Dinner done, we got into a car on our way to a play at The Market Theater. I’m filled with regret now because, sleepy and full, I decided not to go to the play. In front of the theater, Binya exited the car. That was the last time I saw him.

Last October, I reached out to him. We exchanged a few texts, where he told me, among other things, that he wanted to come to America and do a PhD in African Literature: an exciting possibility.

We chatted about that some, then, shifting gears, I told him, “Please take care of yourself.”

He promised me that he would. I told him that I love him, and he wrote back, I love you too. These were our last words. But the conversation continues.

I have a thousand feelings for this man, Binyavanga Wainaina, so what I give you now is only a start. Someday I will write about him. For now, please allow me to speak directly to my friend, my comrade, my fellow worker of the Word, my brother.

Binya, I love you and I salute you.
Until we meet again…


Jeff Moloi

I hosted a show with this giant, at the Univesity of Transkei’s Community Radio, UCRFM. I had always known Ken from a distance. You see, it is easier for me to call him by his middle name, because that makes him easier to handle in my memory, whereas Binyavanga is an African giant that I truly have no right to call my mate. Imagine calling Ngugi your buddy.

 Even as we hosted the show, around 1996-97, I knew he was no average UCRFM DJ. He was quite comfortable talking about everything. All I needed to do was just point our conversation in a direction, and watch him carry it in such a graceful, professorial manner. Outside of our show, Ken was your average Umtata student, with a bag across his back, baggy jeans and dreadlocks, looking for fun, and I enjoyed drinking beer with him. He was a popular guy, he was funny, and received humour very well. I knew he liked writing, he talked about it a lot. Even used it once as an excuse not to give me woman advice when I had made a mess of it. “Me, I decided enough with girls. If I want to write and finish my writing, I need to focus.”

I was to learn close to two decades later that “One Day I Will Write About This Place” was the excuse he gave me.

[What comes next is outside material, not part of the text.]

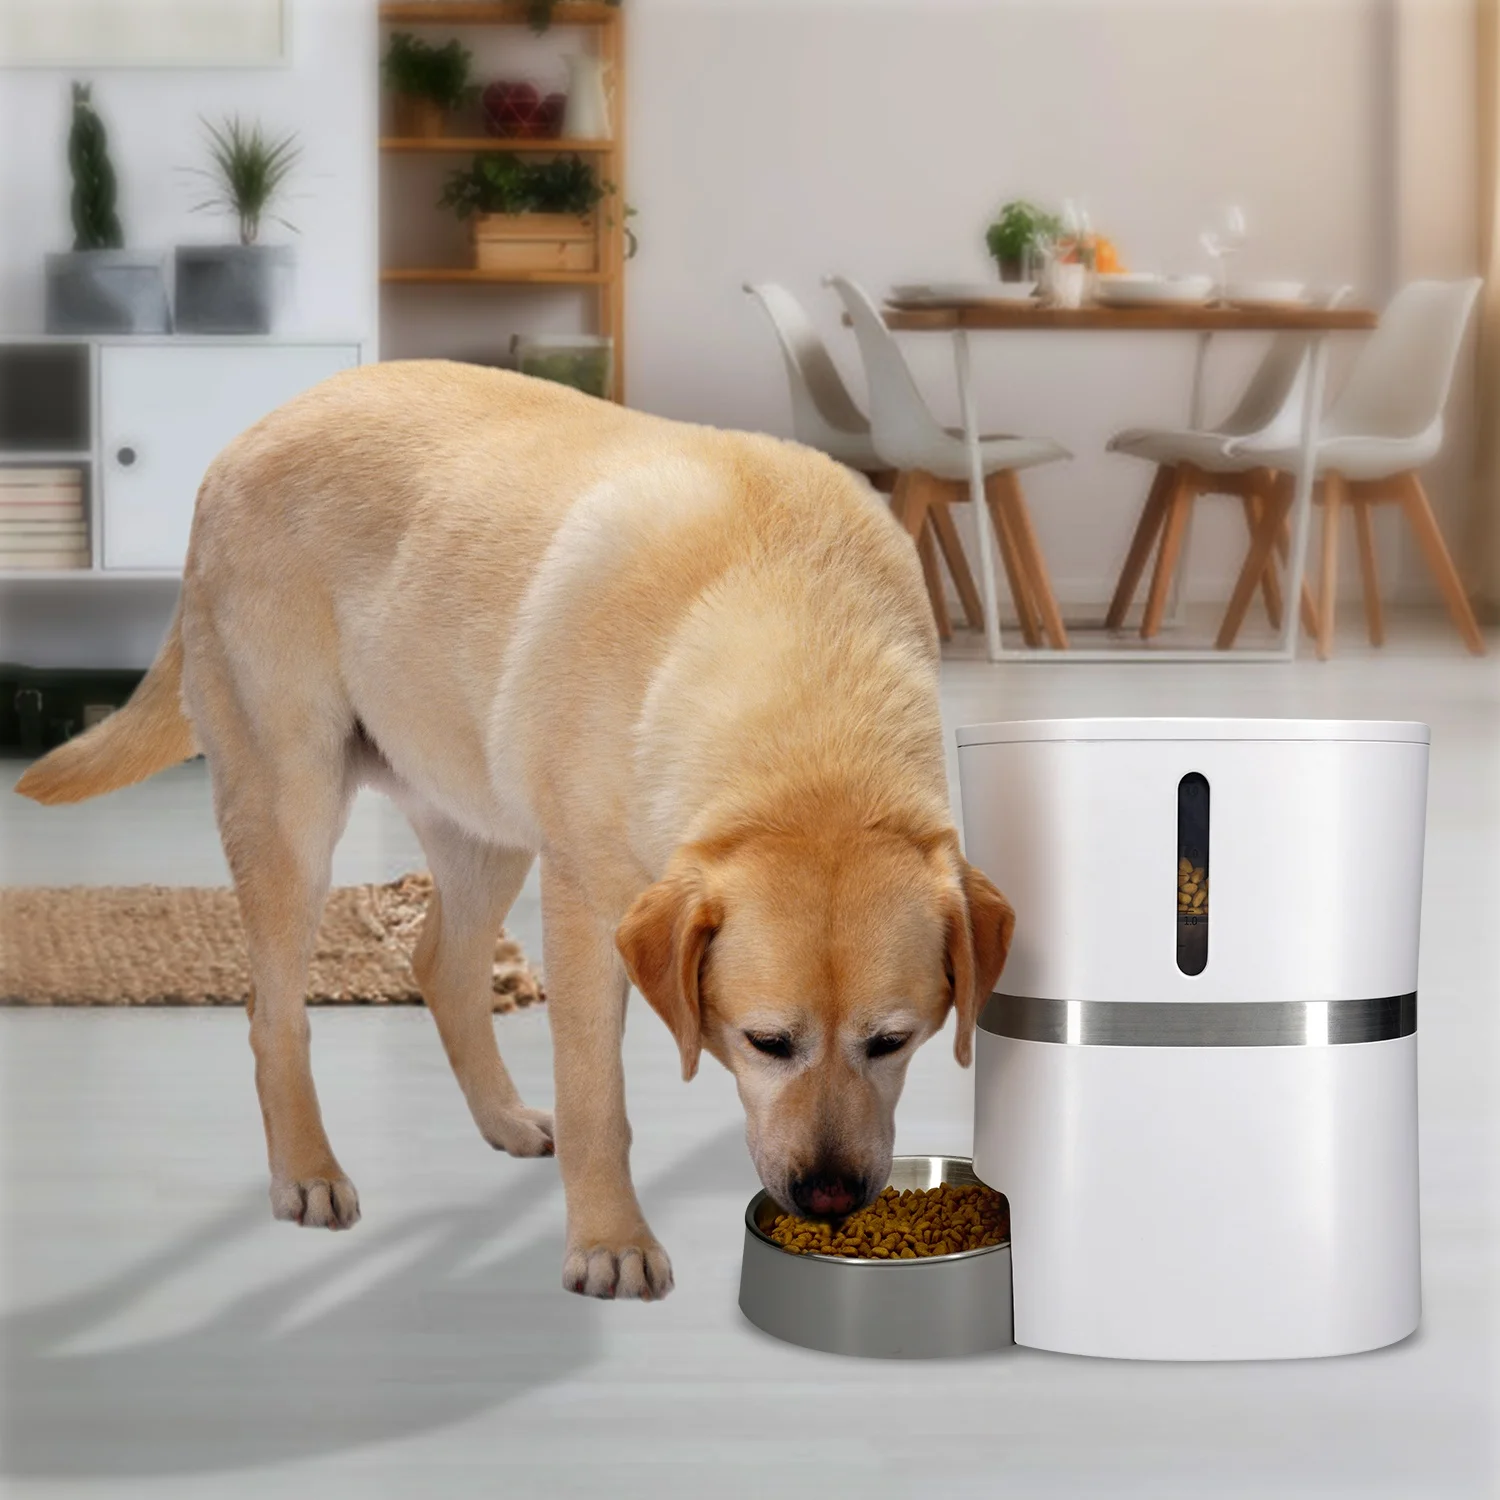 

Comedero Gato Automatico Dispensador De Comida Smart Pet Feeder Bowls & Feeders Microchip Cat Food Automatic Dog Food Dispenser, White

Very decent excuse, I forgave him.

You’ve left your mark, mate, you’ve taught us to look at ourselves, love our continent more, and have left us not only the literary work you wrote, but the thousands of pages that you have inspired young writers to produce. Go Well Binya.


John Mathenge

Poet. Lunatic. Lover.

These three – to represent hope, faith, and love, represent what Binyavanga Wainaina was to me. Everyone has a story about meeting, talking with, seeing, or reading some of his books or stories of his life, especially in the last couple of years. The truth is that everyone has a story about Binyavanga, a memory, an impression, touch or experience. All honest. All true. All down to earth. Like many of you, I too, have a story about Binyavanga. A great sinner once said: the only thing we go with after dying are relationships. I am glad this is true of so many out there and myself when it comes to Binyavanga.

A poet is a man who sees beneath the surface of things, seeing what others do not see–the ‘other.’ Poets help us hope that despite everything around us, we are more than just humans–we are persons, beings, vulnerable, hurt, happy.

Lunatics are the ones who take the extra step, with faith, into the great beyond. They leap into deeper waters–where it is much safer. They give up all for the greater goal. They are the radicals, the truth-sayers, the saints, the sinners, the mad men.

And finally, the lover is the one who gives their all, their lives, their experiences to others, to self, to something good, a greater good for humanity. 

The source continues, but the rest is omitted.